Джексон посягнул на мое. Причинил боль той, которую я считаю воплощением своей жизни. Он напрямую предоставляет угрозу той, которую я люблю настолько сильно, что уничтожу любого, кто обидит ее.

Любовь к Алисе питает меня, но она одновременно настолько мучительна.

Мы доехали до нужного места. Ехать пришлось около часа и это длинное время нервировало меня всю дорогу. За это время он мог сделать с Алисой все, что только захочет его извращенное желание.

Нужный автомобиль стоял возле загородного дома в два этажа.

— Осторожнее, преступник может быть вооружен, — проговорил Майкл, вытаскивая и заряжая свой пистолет.

Мы начали приближаться к дому. Тишины не требовалось, поскольку он уже наверняка увидел через окно пришедших непрошенных гостей. Я вышел вперед и выломал ногой входную дверь, выставляя вперед пистолет. Тут же раздался выстрел, и я словно от ударной волны свалился на террасу, схватившись за предплечье.

— Тебя только и ждал, — со злобой проговорил мой враг и тут же скрылся в доме, когда посыпались выстрелы.

— Взять живым! — крикнул я в след вошедшим в дом офицерам.

Я зажмурился, когда новая болезненная пульсация охватила всю руку, что она онемела.

— Держись, друг, — проговорил Майкл.

Он оторвал рукав своей рубашки, после чего попытался снять с меня пальто. Я сжал челюсти, когда Майкл стянул рукав верхней одежды с моей простреленной руки.

Он осмотрел мою рану:

— Артерия не задета, а вот кость — не знаю, — после чего перевязал мою руку.

Я встал на ноги и пошатываясь вошел в дом.
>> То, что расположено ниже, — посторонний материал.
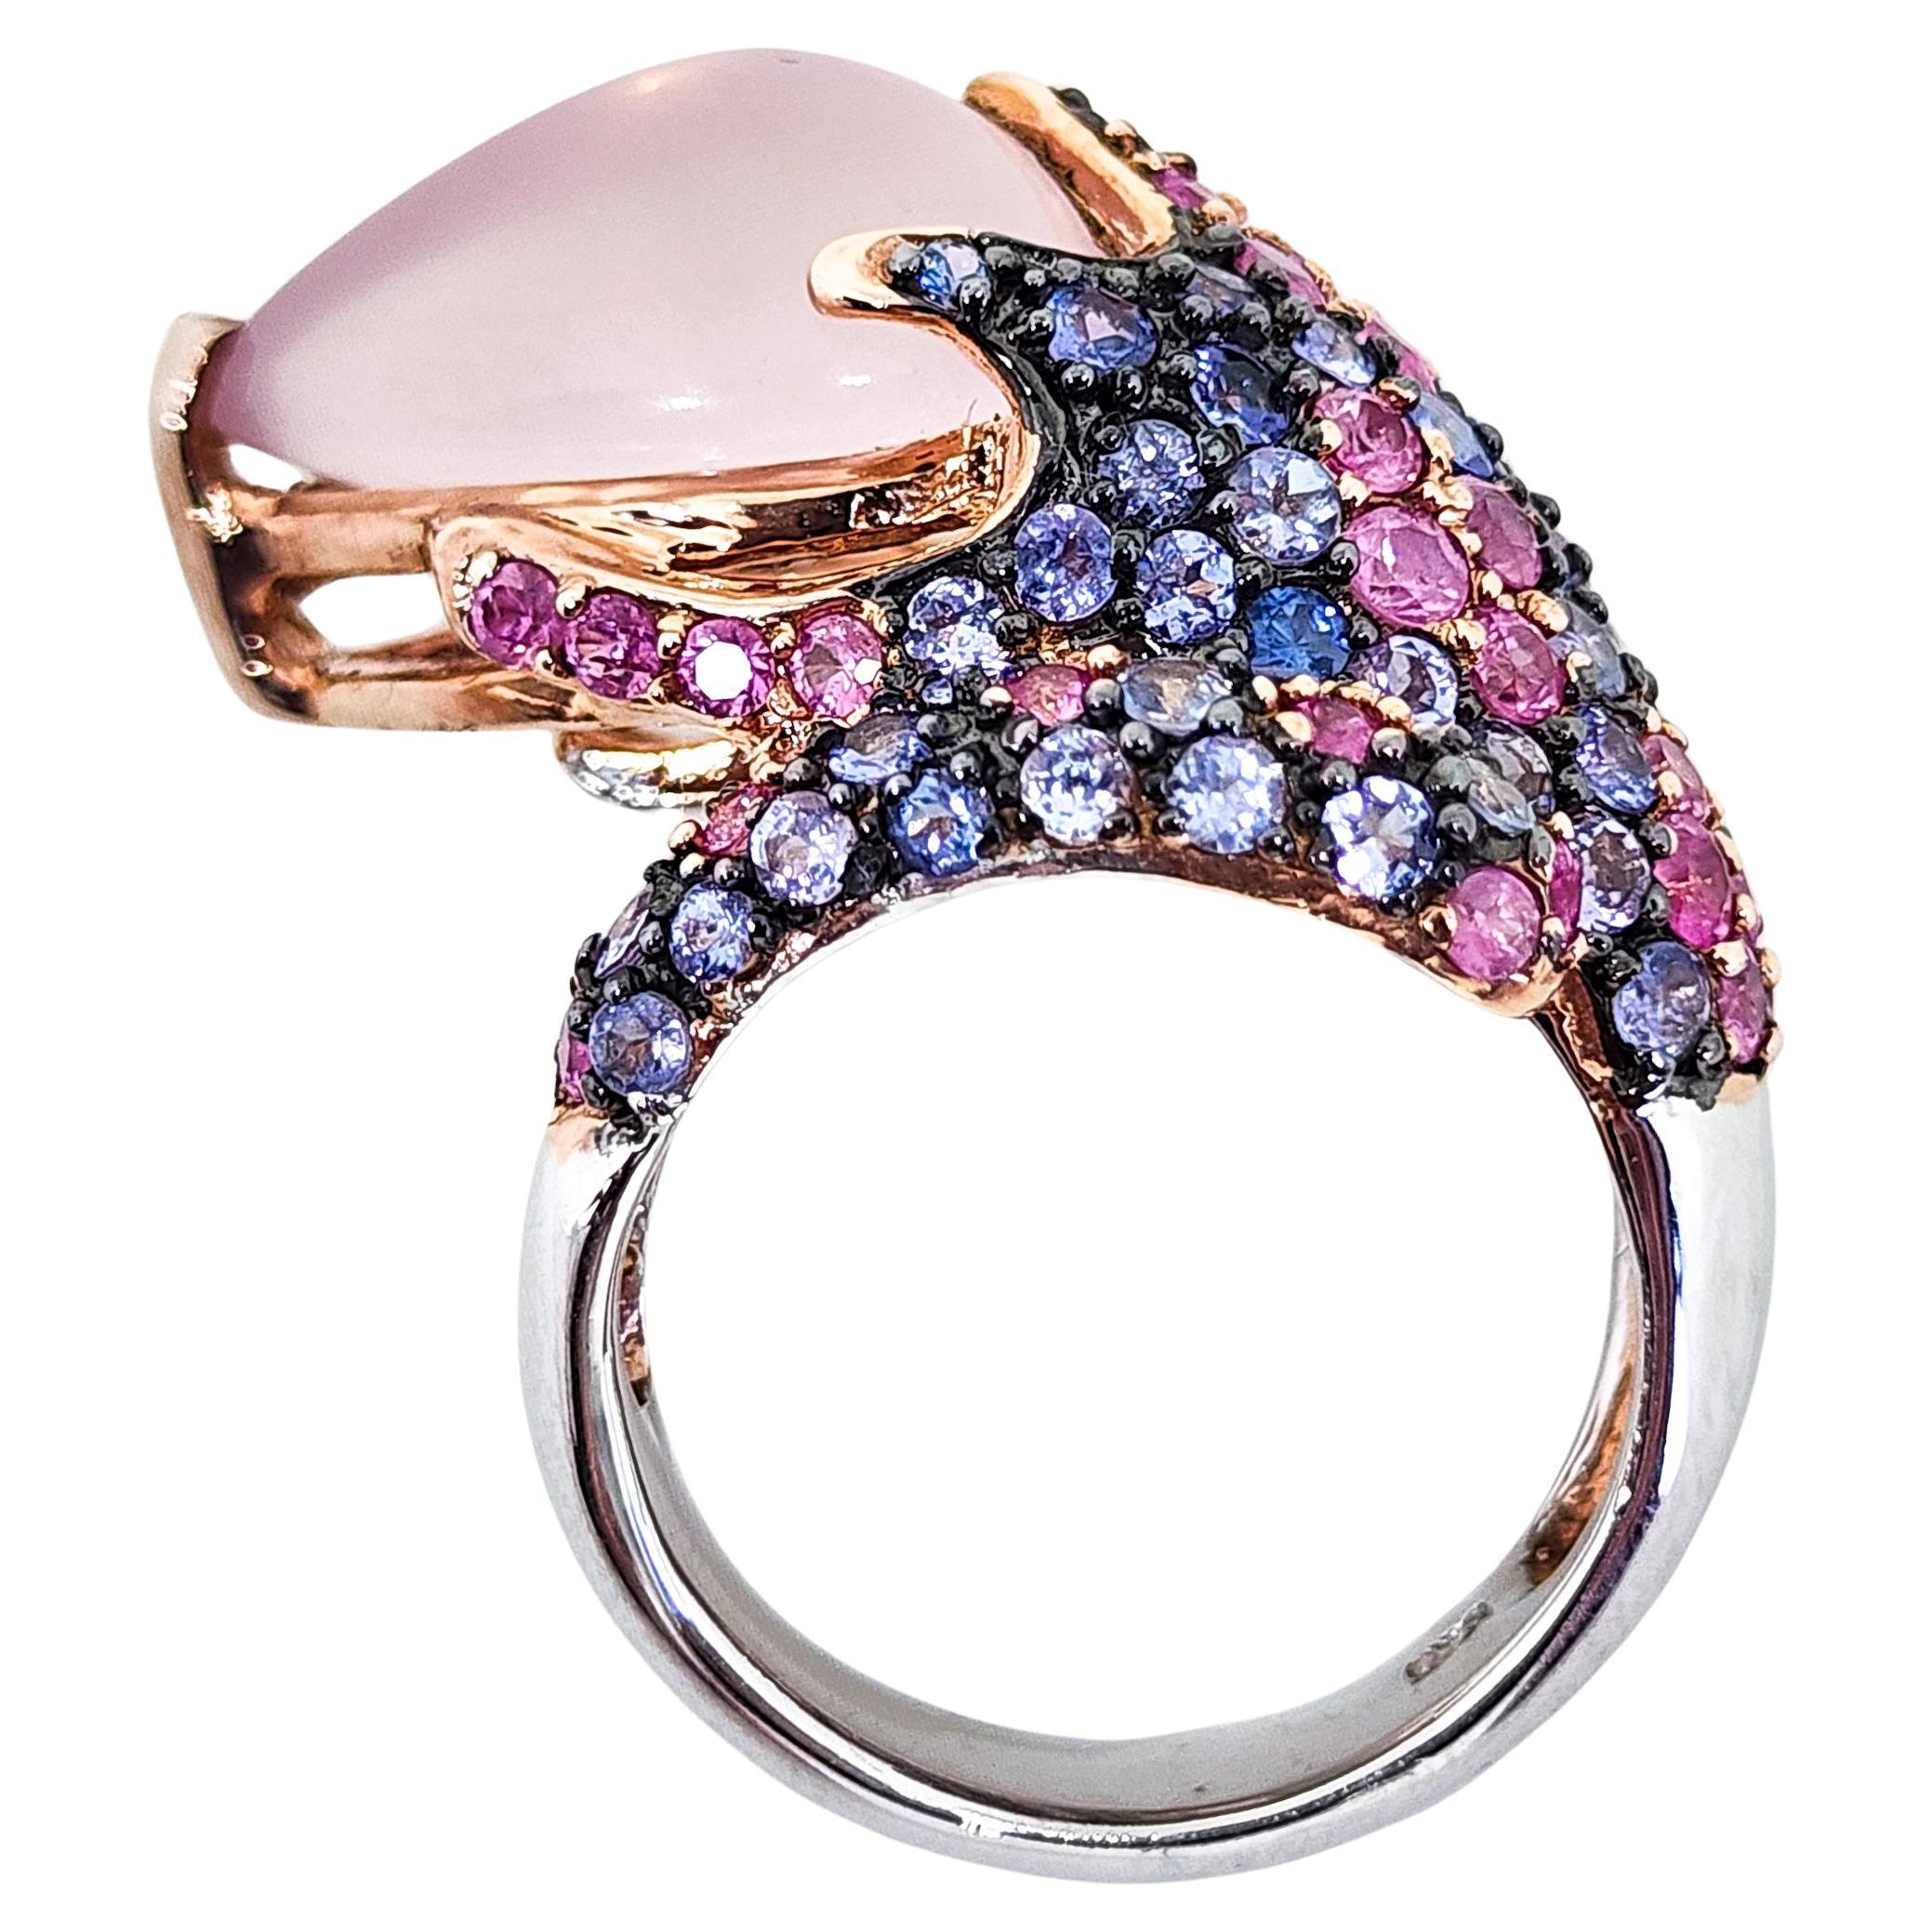 Contemporary 13.85cts Candy Ombre Color Bypass Ring Pink Blue Purple Sapphire and Rose Quartz

Раздался оглушительный выстрел, затем последовал крик Алисы, который охватил мое сердце тревогой.

— Алиса!

Я побежал на крик. Она находилась на втором этаже, а дверь, за которой Алиса находилась, окружили офицеры, выставив свои пистолеты.

— Освободите заложницу и выходите с поднятыми руками, — заговорил один из них.

Я растолкал всех и прижался к двери.

— Если с ней что-то случится, я с тебя шкуру сниму, ублюдок! — пригрозил я со всей злостью.

— Ты так уверен? — послышался в ответ насмехающийся голос и еще один выстрел.

Крик Алисы выбивает меня из колеи. Этот душераздирающий крик пронзает меня вплоть до костей, и я начинаю дрожать, словно нахожусь среди лютого убивающего холода. Я зажмурился, когда почувствовал сильную боль в сердце. Она вызвана безысходностью. Я ничего не могу сделать против Джексона, а если и сделаю, то Алиса поплатится за это своей жизнью. От понимания, что у меня связаны руки, я впадаю в отчаяние и бешенство одновременно.

— Твои условия? — мучительно и нехотя спросил я.

— Мы с ней уедем. Или эта комната станет нашей могилой, если вы не освободите нам дорогу.

Я сжал челюсти и ударил ногой по двери. Джексон издевательски захохотал, понимая, что победа будет за ним. Он знает, что я любыми способами сохраню Алисе жизнь.

Я приложился лбом к двери и тогда в мою голову ударила яркая вспышка. Меня осенило.

Я нашел глазами Майкла и показал ему рукой на улицу. Тот кивнул, зная и без слов, на что я намекаю, и тихо спустился вниз.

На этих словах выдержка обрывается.